_WHAT IS EXPECTED_
Copy the data verbatim and leave out every picture.

_GIVEN DATA_
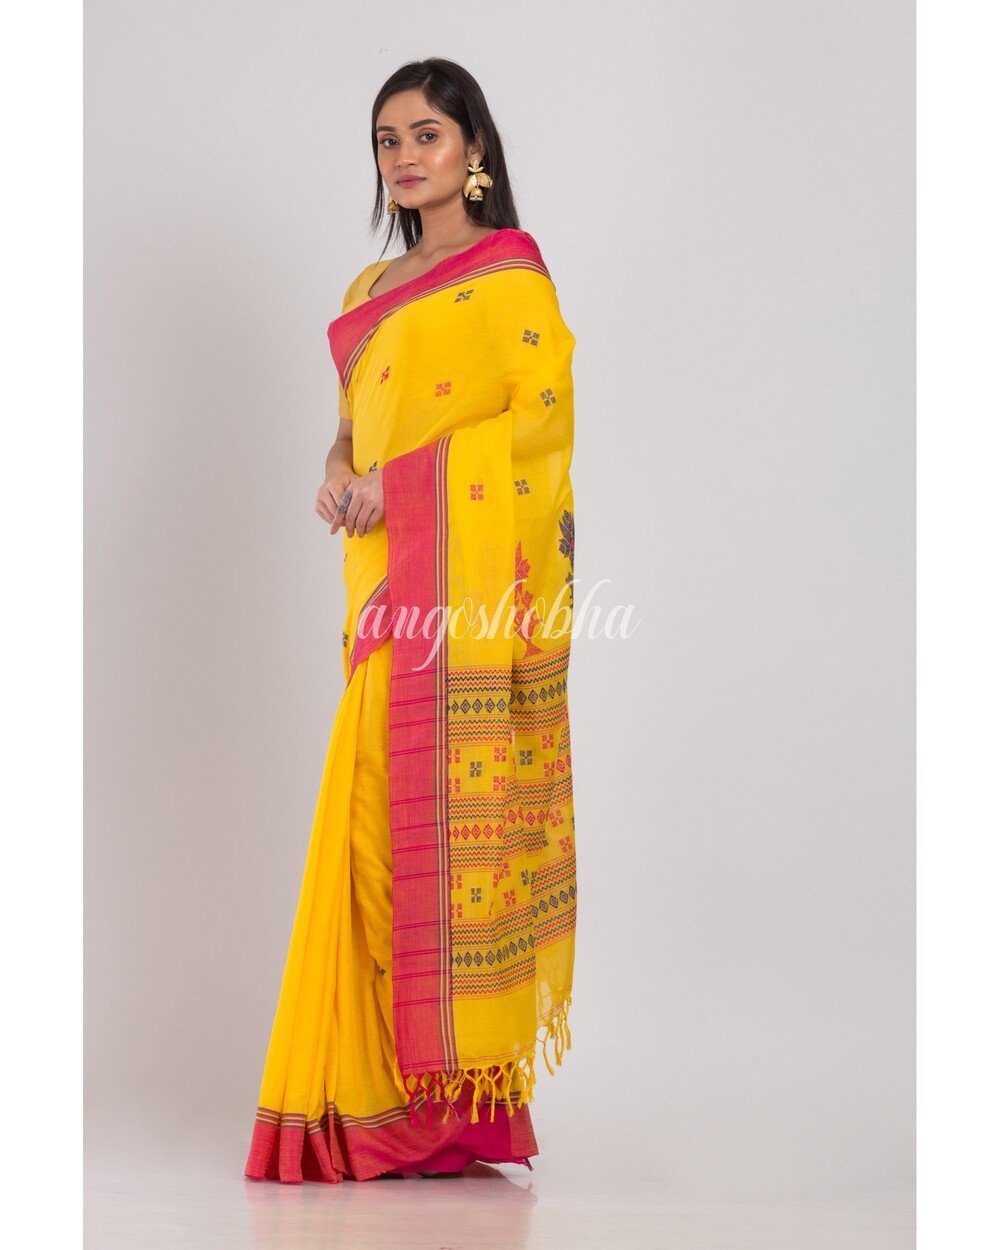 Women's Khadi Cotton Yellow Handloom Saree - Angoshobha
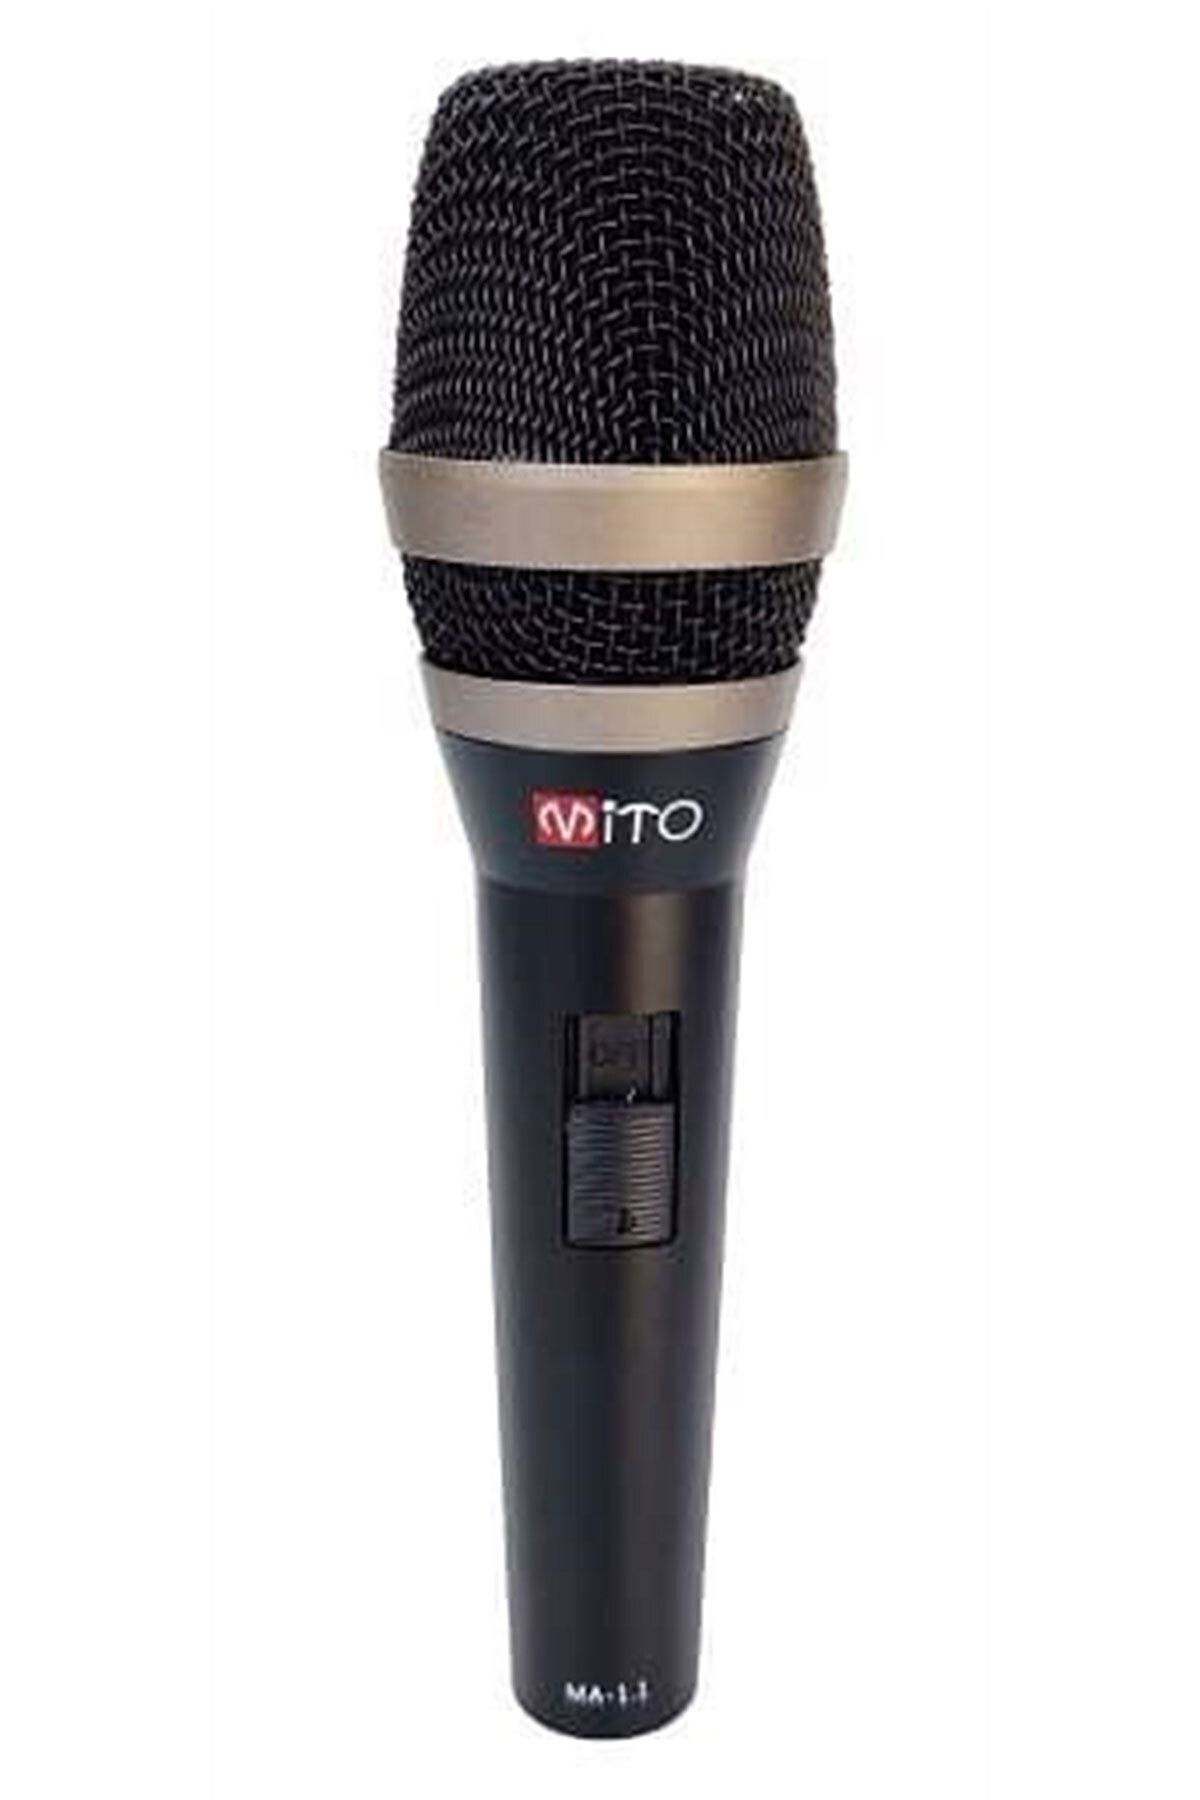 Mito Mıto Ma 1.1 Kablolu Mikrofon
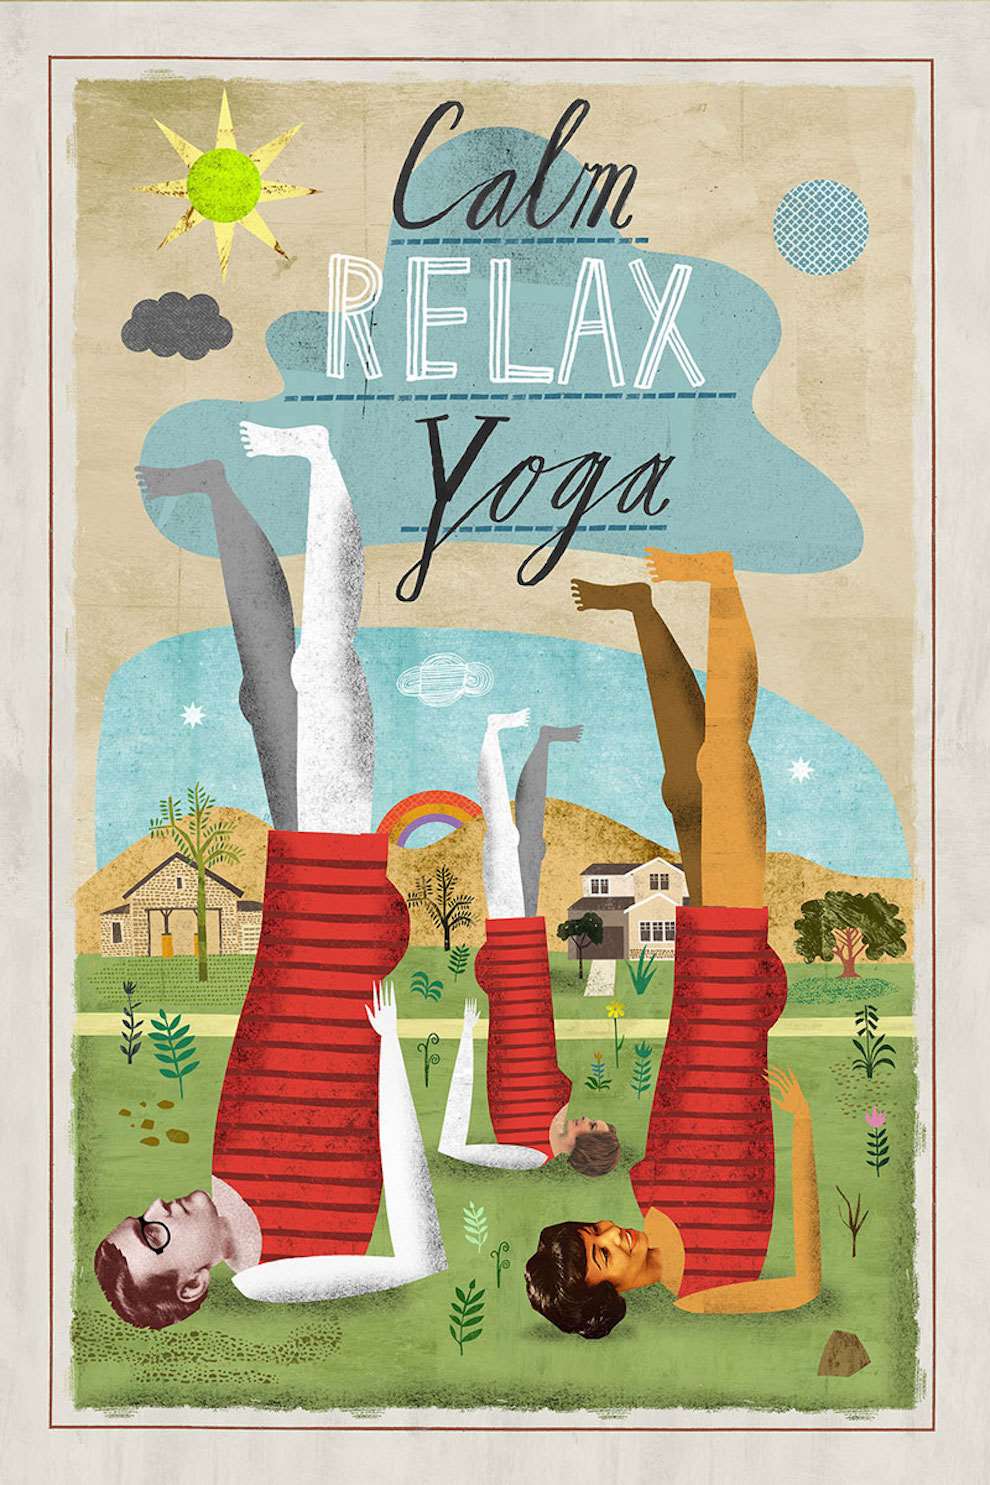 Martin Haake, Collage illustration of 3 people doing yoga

_ANSWER TO THE EXERCISE_
 Women's Khadi Cotton Yellow Handloom Saree - Angoshobha
 Mito Mıto Ma 1.1 Kablolu Mikrofon
 Martin Haake, Collage illustration of 3 people doing yoga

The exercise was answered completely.